Before I jump into outlining the prospects of AI in medicine, lemme talk a bit about AI in general and how are these algorithms considered to be intelligent in the first place!

What is Artificial Intelligence (AI)?

AI refers to the capability inferred to a computer program to mimic human behavior in some way. This aims at making our lives easier by achieving higher precision and speed in massive tiresome computational tasks, and by incorporating smart automation in the workflows.

But, just hard-coded algorithms or fixed, rule-based systems don’t work very well for achieving such goals. The solution turned out to be not just mimicking human behavior but mimicking how humans learn. Here comes the terms “machine learning” and “deep learning”.

Machine learning is a subset of AI, and it consists of the techniques that enable computers to figure out patterns from training datasets and deliver AI applications, capable of analyzing test datasets. Basically, machine learning allows machines to go through a learning process. It does this by developing foundational models to solve problems. The machine learning algorithm alters the model every time it combs through the data and finds new patterns. This approach enables learning and provides increasingly accurate outputs. Machine learning can be achieved through several ways, like supervised, unsupervised, semi-supervised or reinforced learning. I've explained the basic concept of machine learning in a bit more detail in my YouTube video.

You might have come across another term called “deep learning”. Now what the heck is that? Deep learning, meanwhile, is a subset of machine learning that enables computers to solve more complex problems, imitating the workings of the human brain in processing data and creating patterns for use in decision making. The deep learning algorithms are capable of reacting to input data by modifying and adapting themselves gradually over the time. In simple terms, deep learning is all about using neural networks with more neurons, layers, and inter-connectivity. We’re still a long way off from mimicking the human brain in all its complexity, but we’re moving in that direction quite fast.

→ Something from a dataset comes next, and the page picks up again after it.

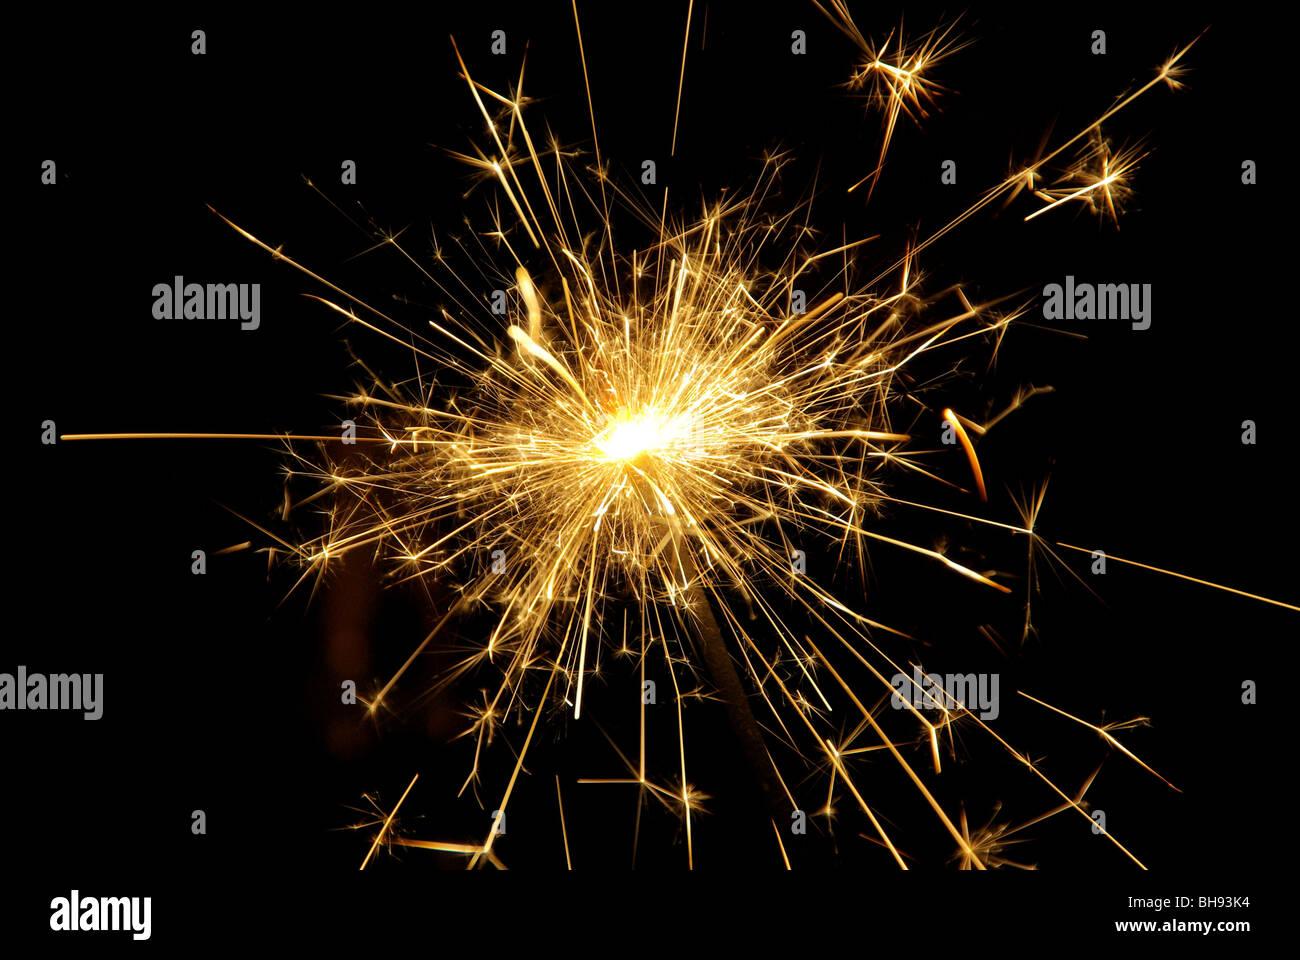 Wunderkerze - sparkler 05 - Stock Image

It’s worth mentioning that AI is not something new. Artificial intelligence as an academic discipline was founded in 1956. The goal then, as now, was to get computers to perform tasks regarded as uniquely human: things that required intelligence. It’s the remarkable progress in the field of AI in the last couple of years that has made these terms more popular recently. Also, research on AI in the field of medicine had started quite a few decades back. Stanford has been doing AI in medicine since the early 80’s and it was one of the first sites to have a supercomputer for AI in medicine. But some factors over the last couple of years has accelerated the advancement in this field quite a lot. Advances in computational power paired with massive amounts of healthcare data in electronic form being generated in healthcare systems has given an incentive and has made it imperative that we have to do something with these data to improve the quality and value of care that we provide.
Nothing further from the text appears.